Субэдэй-багатур являлся одним из самых значимых, но в то же время и скрытных участников той политической схватки, он был кукловодом, манипулирующим марионетками, оставаясь при этом в тени. Истинная роль Субэдэя выяснится позже, доказательством того, что за всей чехардой при дворе Великого каана стоял именно он, будут действия Урянхатая, перенявшего от отца его связи и функции и обеспечивавшего утверждение Мункэ на престоле. Но это произойдет лишь в 1251 году, а тогда, зимой 1243/44 годов, Субэдэй прибыл в Монголию и, изучив обстановку на месте, обнаружил, что Туракина произвела массовые перестановки в среде высокопоставленных чиновников. В первую очередь был отстранен от власти главный советник Угэдэя Елюй Чуцай, который скончался в 1243 году, находясь в опале. На месте канцлера по воле Туракины оказалась некая Фатима — скорее всего, персиянка по происхождению: наступило время, когда ключевую роль в управлении империей начали играть женщины. Так, жена Гуюка Огул-Каймыш, кстати меркитка, в этом дамском обществе обрела свою нишу, умудрившись после смерти мужа три года регентствовать. Все они — и Туракина, и Огул-Каймыш, и Фатима — представляли из себя активных противников дома Толуя, а следовательно, и Субэдэя, но у того в среде прекрасного пола был по-настоящему сильный союзник — Соркуктани, мать Мункэ, Хубилая и Хулагу, особенно ненавидевшая Огул-Каймыш, которую, впрочем, по ее приказу в 1252 году утопили. Все эти четыре женщины, каждая в свое время и по мере возможностей, в течение 10 лет управляли империей, творя суд и расправу, изгоняя одних и возвеличивая других. Туракина, скорее всего, была причастна к отравлению Ярослава Всеволодовича, а Огул-Каймыш благоволила его сыну Андрею. Можно однозначно утверждать, что время «бабьего царства» в Монголии было чрезмерно насыщено политическим противостоянием и бесконечными интригами, которым Клеопатра или Екатерина Медичи могли бы поучиться у своих «царственных сестер».
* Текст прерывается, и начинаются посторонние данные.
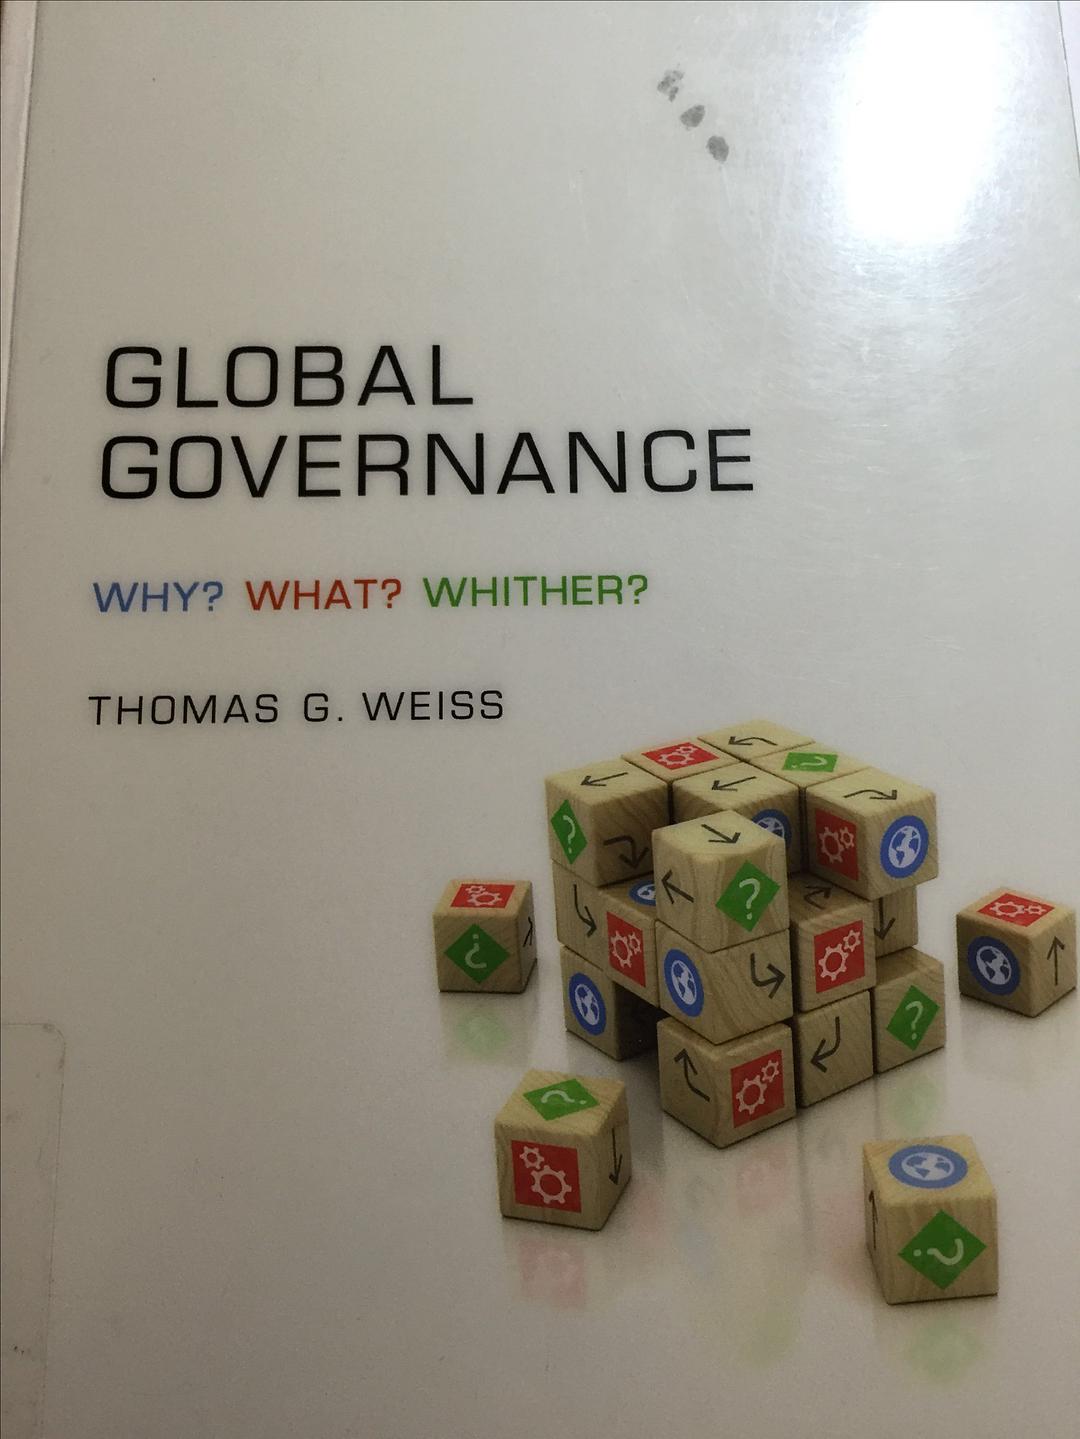 Global governance why? what? whither?

Представлял ли Субэдэй из себя «кавалера» в столь пестром женском обществе? Конечно, нет. Женщина для него была чем-то сродни добыче или награде за труды. Примером тому пожалованная Субэдэю в жены Угэдэем принцесса Тумегань, ну а при ритуалах и «политесу», заведенных к тому времени в Каракоруме, и поклоны, и ползание на коленках перед троном во время официальных приемов были делом обыденным и само собой разумеющимся. Несомненно, Туракина получала достаточную толику удовольствия, наблюдая с места регентши, как перед ней раскланивается главный враг ее рода, ее кровник[164].
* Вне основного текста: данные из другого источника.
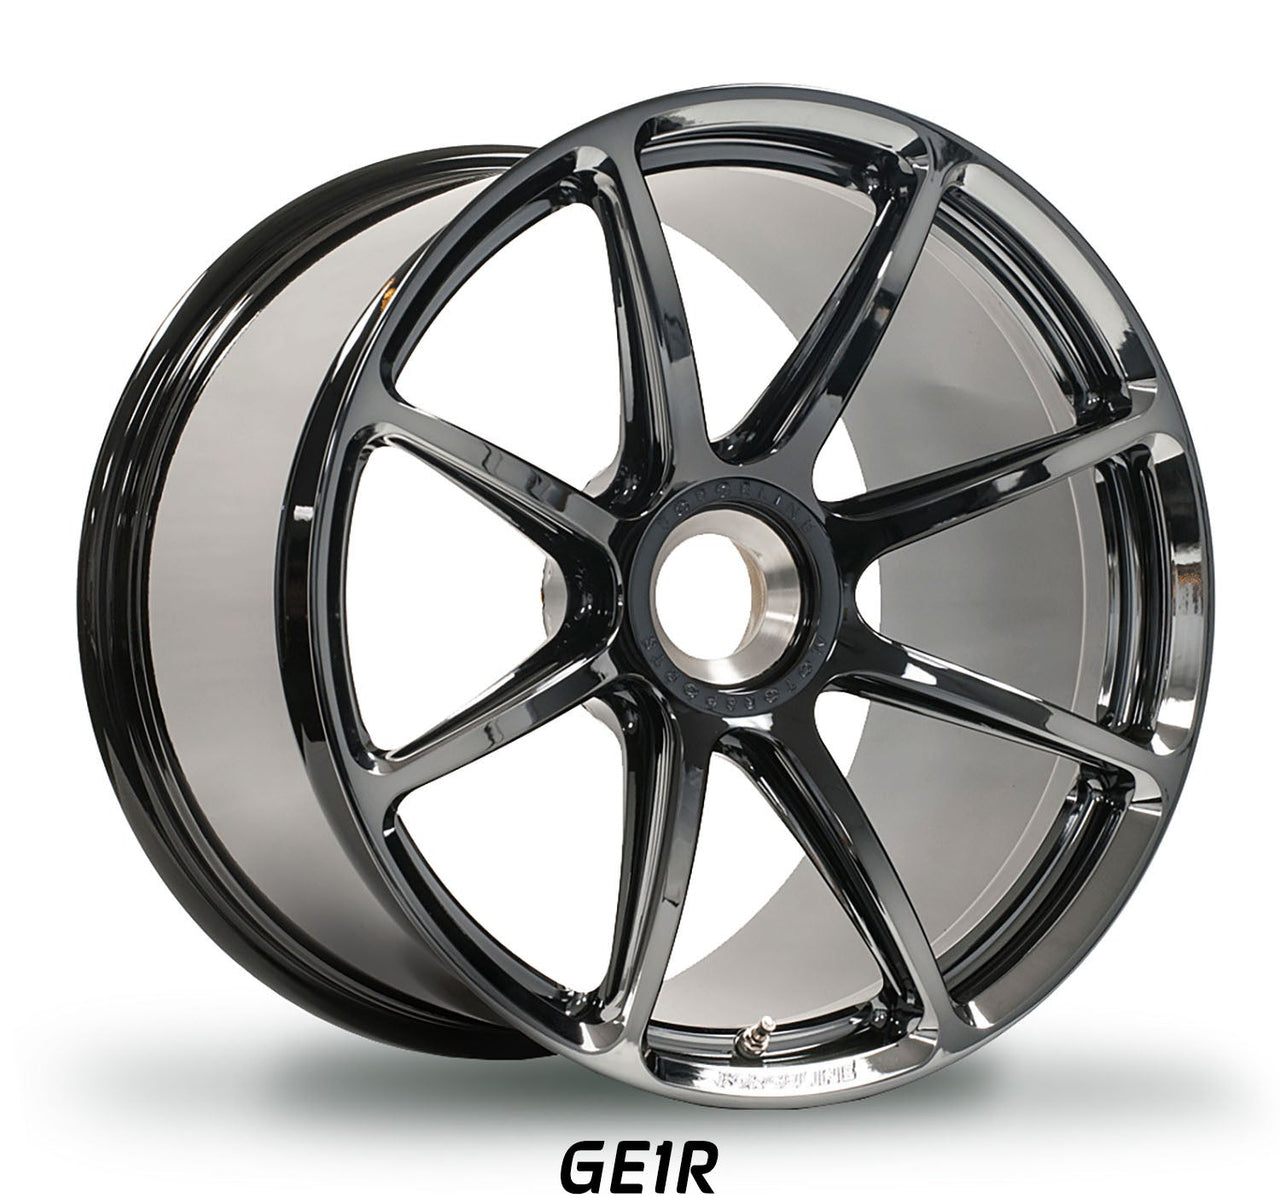 Forgeline GE1R center lock for Porsche 991 GT3 best forged wheels for racing and HPDE

Тем временем весной 1244 года Туракина и угэдэиды собрали курултай, «был сбор на реке Еджир»[165][Л 12, с. 233], однако выборы каана не состоялись, выражаясь современным языком, не собралось необходимого кворума. И немудрено — Бату отсутствовал, Тэмугэ-отчигин мутил воду, а Соркуктани и Субэдэй сделали все для того, чтобы оттянуть утверждение Гуюка. Туракина, используя свой немалый ресурс власти, адекватно восприняла ситуацию, которая медленно, но верно переходила под ее контроль, после того как вслед за Елюй Чуцаем многие высокопоставленные чиновники были удалены от двора — одни в ссылку, другие согласно заслугам зашиты в воловью шкуру, да в омут. Придворные, окружающие пустующий великокаанский трон, неуклонно пополнялись сторонниками и ставленниками регентши.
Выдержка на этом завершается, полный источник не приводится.